Achieving a major milestone in Nordic orthopaedic trauma research, Nordic NITEP study group successfully conducted and published a large randomized multicenter trial addressing a long-standing and clinically contentious question in the management of distal radius fractures in older patients. With this study, we provide high-quality evidence that directly informs clinical decision-making and is likely to change established treatment pathways both nationally and internationally.
If an acceptable reduction of a distal radius fracture (wrist fracture) in patients aged over 65 years cannot be achieved in the emergency department, we found that early surgical treatment with a volar locking plate (VLP) may result in slightly better outcomes than nonoperative treatment. However, the mean difference between treatment groups remained below the minimal clinically important difference (MCID). If fracture alignment deteriorates during cast treatment, surgical intervention does not appear to provide additional benefit compared with continued cast immobilization. These findings call into question the need for early radiographic follow-up during the initial treatment phase.
We conducted a randomized multicenter trial comparing cast immobilization with surgical treatment using a volar locking plate. Patients whose fracture alignment did not meet acceptable criteria after closed reduction were randomized to either surgical treatment or cast treatment. Patients whose fracture was initially reduced to an acceptable position but subsequently lost alignment during the first 10 days of follow-up were also randomized to surgery or continued cast treatment.
Our primary outcome was the Patient-Rated Wrist Evaluation (PRWE) score at 12 months after fracture. Secondary outcomes included other functional outcome measures, complications, pain catastrophizing, quality of life, and the rate of reoperations. The primary analytical method was a linear mixed-effects model.
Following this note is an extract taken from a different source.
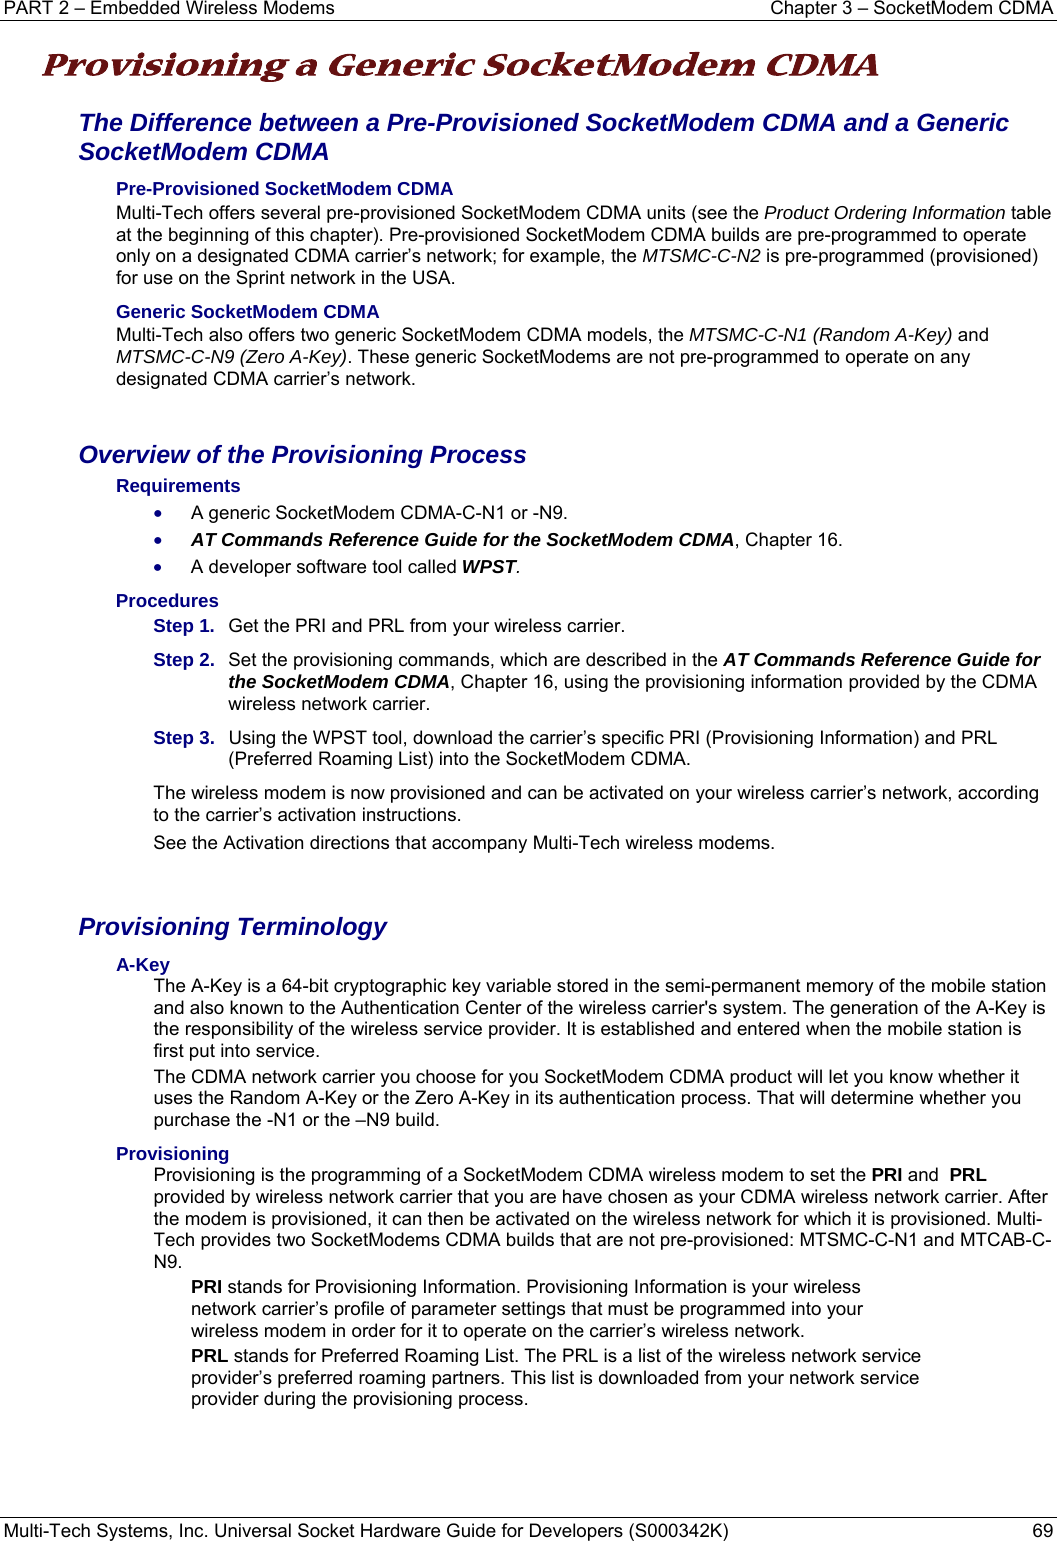 PART 2 – Embedded Wireless Modems  Chapter 3 – SocketModem CDMA  Multi-Tech Systems, Inc. Universal Socket Hardware Guide for Developers (S000342K)  69  Provisioning a Generic SocketModem CDMA  The Difference between a Pre-Provisioned SocketModem CDMA and a Generic SocketModem CDMA    Pre-Provisioned SocketModem CDMA  Multi-Tech offers several pre-provisioned SocketModem CDMA units (see the Product Ordering Information table at the beginning of this chapter). Pre-provisioned SocketModem CDMA builds are pre-programmed to operate only on a designated CDMA carrier’s network; for example, the MTSMC-C-N2 is pre-programmed (provisioned) for use on the Sprint network in the USA. Generic SocketModem CDMA  Multi-Tech also offers two generic SocketModem CDMA models, the MTSMC-C-N1 (Random A-Key) and MTSMC-C-N9 (Zero A-Key). These generic SocketModems are not pre-programmed to operate on any designated CDMA carrier’s network.   Overview of the Provisioning Process Requirements • A generic SocketModem CDMA-C-N1 or -N9. • AT Commands Reference Guide for the SocketModem CDMA, Chapter 16. • A developer software tool called WPST.  Procedures Step 1.  Get the PRI and PRL from your wireless carrier. Step 2.  Set the provisioning commands, which are described in the AT Commands Reference Guide for the SocketModem CDMA, Chapter 16, using the provisioning information provided by the CDMA wireless network carrier.    Step 3.   Using the WPST tool, download the carrier’s specific PRI (Provisioning Information) and PRL (Preferred Roaming List) into the SocketModem CDMA. The wireless modem is now provisioned and can be activated on your wireless carrier’s network, according to the carrier’s activation instructions.  See the Activation directions that accompany Multi-Tech wireless modems.    Provisioning Terminology A-Key The A-Key is a 64-bit cryptographic key variable stored in the semi-permanent memory of the mobile station and also known to the Authentication Center of the wireless carrier&apos;s system. The generation of the A-Key is the responsibility of the wireless service provider. It is established and entered when the mobile station is first put into service.  The CDMA network carrier you choose for you SocketModem CDMA product will let you know whether it uses the Random A-Key or the Zero A-Key in its authentication process. That will determine whether you purchase the -N1 or the –N9 build.    Provisioning Provisioning is the programming of a SocketModem CDMA wireless modem to set the PRI and  PRL provided by wireless network carrier that you are have chosen as your CDMA wireless network carrier. After the modem is provisioned, it can then be activated on the wireless network for which it is provisioned. Multi-Tech provides two SocketModems CDMA builds that are not pre-provisioned: MTSMC-C-N1 and MTCAB-C-N9. PRI stands for Provisioning Information. Provisioning Information is your wireless network carrier’s profile of parameter settings that must be programmed into your wireless modem in order for it to operate on the carrier’s wireless network.     PRL stands for Preferred Roaming List. The PRL is a list of the wireless network service provider’s preferred roaming partners. This list is downloaded from your network service provider during the provisioning process.

We recruited a total of 291 patients (mean age 73 years [SD 5.8]; 258 women and 33 men). Among patients whose fractures could not be reduced to an acceptable position, the mean treatment effect at 12 months favored surgery by −9.6 PRWE points (95% CI −17.4 to −1.7). This difference persisted throughout the first year of follow-up and was of similar magnitude in patients younger and older than 75 years. On average, however, the difference was smaller than the prespecified MCID (11 points). In patients whose fracture alignment deteriorated during the first 10 days of follow-up, the mean treatment effect on PRWE at 12 months was −6.2 points (95% CI −15.4 to 3.0).
Based on these findings, we conclude that the treatment strategy for distal radius fractures in older patients should be determined immediately after closed reduction using shared decision-making in discussion with the patient. Subsequent radiographic monitoring of fracture alignment does not appear to provide additional benefit in terms of expected wrist function. Our results support a simplification of current care pathways and are likely to influence clinical practice in the management of distal radius fractures both in Finland and internationally.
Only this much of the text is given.